Florida Healthcare Clinic Owners, Employees Sentenced for Roles in Multiple Fraud Schemes

A federal district judge in Miami sentenced the last of five defendants for his role in a healthcare fraud scheme operated out of a physical therapy clinic. According to court records, the defendants recruited and paid off beneficiaries of Blue Cross Blue Shield (BCBS) health insurance plans, then billed BCBS for services the clinic either never provided or which were not medically necessary. The two clinic owners also used the business to fraudulently obtain COVID-19 relief funds. 

The two clinic owners were each sentenced to 135 months in prison, three years’ supervised release, and ordered to pay $4,434,069 in restitution. The office manager was sentenced to 35 months in prison, three years’ supervised release, and ordered to pay $357,256 in restitution. One patient recruiter was sentenced to 46 months in prison, three years’ supervised release, and ordered to pay $73,116.61 in restitution, and the other patient recruiter was sentenced to 24 months in prison, three years’ supervised release, and ordered to pay $30,810 in restitution. 

According to evidence introduced in court, the billing fraud conspiracy resulted in more than $8 million in false claims being submitted to BCBS. Most of the claims were for unneeded or never-provided physical therapy treatments, such as electrical stimulation, ultrasound therapy, and therapeutic exercise, as well as for durable medical equipment.  

Additionally, the evidence showed that in 2021 the clinic owners applied for a $607,585 Paycheck Protection Program (PPP) loan as well as a $500,000 Economic Injury Disaster Loan (EIDL) from the US Small Business Administration (SBA).
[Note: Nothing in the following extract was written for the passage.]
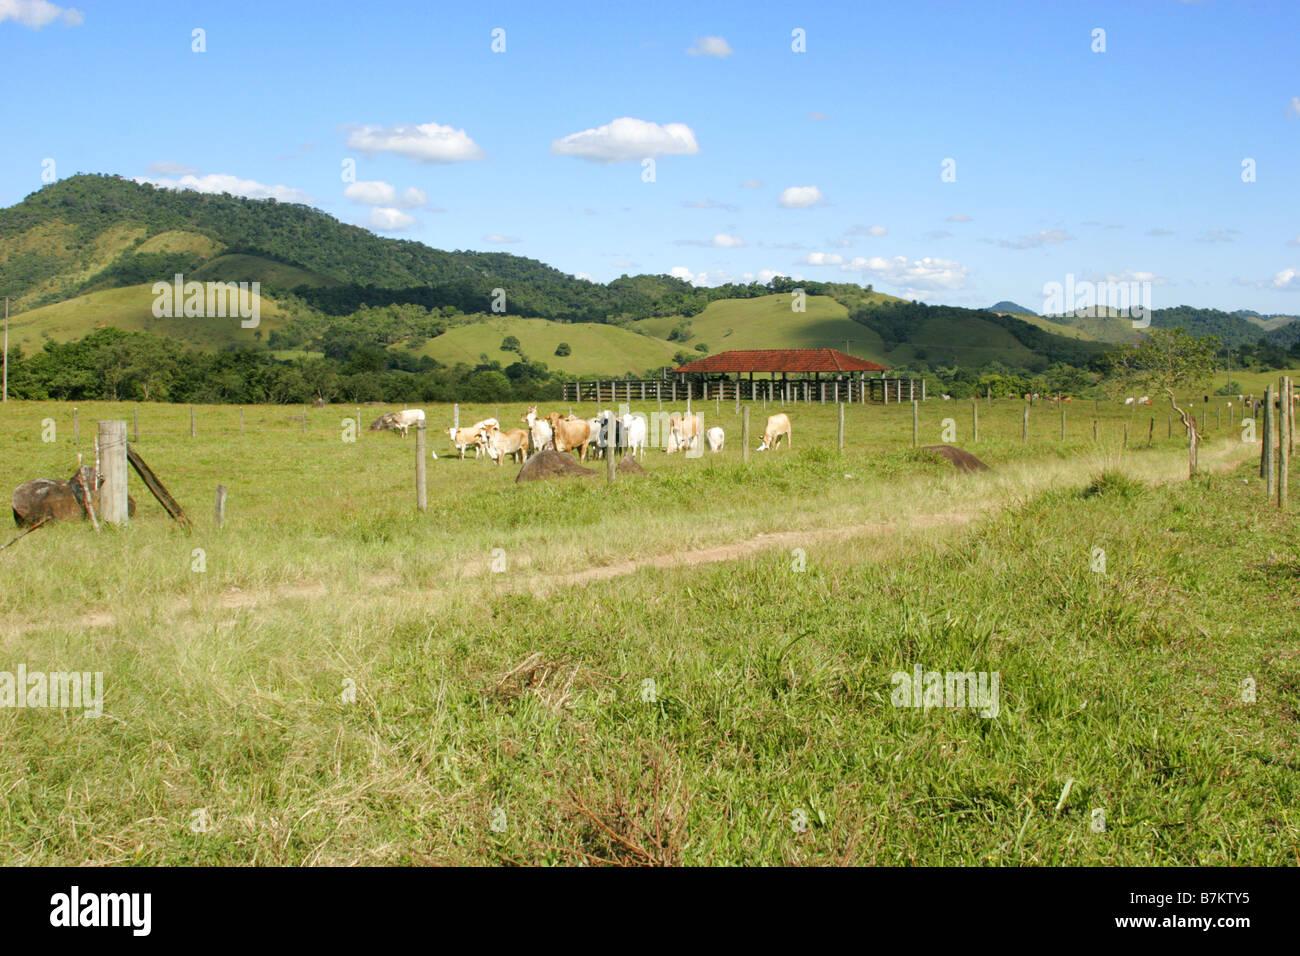 Brahmin Cattle herd standing on pastureland with hills of Atlantic Rainforest in distance Rio de Janeiro state Brazil - Stock Image

As a result, they received over $1 million through these COVID-19 relief programs, stealing money that was meant for legitimate small businesses suffering from the devastating effects of the COVID-19 pandemic. 

FBI Miami investigated the case, and assistant US attorneys from the Department of Justice prosecuted the case and handled asset forfeiture. 

Issue: 

Healthcare fraud affects everyone—individuals and businesses alike—and causes tens of billions of dollars in losses each year. It can raise health insurance premiums, expose individuals to unnecessary medical procedures, and increase taxes. Healthcare fraud can be committed by medical providers, company owners, patients, and others who intentionally deceive the healthcare system to receive unlawful benefits or payments. All staff who provide skilled services must understand what constitutes reasonable and necessary skilled services. The skilled services must be based upon a patient’s ability, need, and what is reasonable for the patient. Staff should be knowledgeable and aware of what may be considered a false claim. Failure to promptly report suspected fraud can result in citations, fines, and other sanctions. In addition, staff should be knowledgeable in how to report suspicious billing practices.  

Discussion Points: 

  • Review policies and procedures for preventing and reporting false claims and suspicious billing practices. Update your policies and procedures as needed. 
  • Train all staff on what can be considered a false claim or kickback. Include information on how to report concerns and suspected violations, and that prompt reporting is mandatory. Document that the trainings occurred and place in each employee’s education file. 
  • Periodically perform audits to ensure all staff are aware of their responsibility to identify compliance and ethics concerns and to promptly report violations to their supervisor, the compliance and ethics officer, or via the anonymous hotline. Perform Triple Checks for all Medicare Part A claims prior to submission to ensure that medical necessity is supported by appropriate documentation, and that services meet skilled care requirements.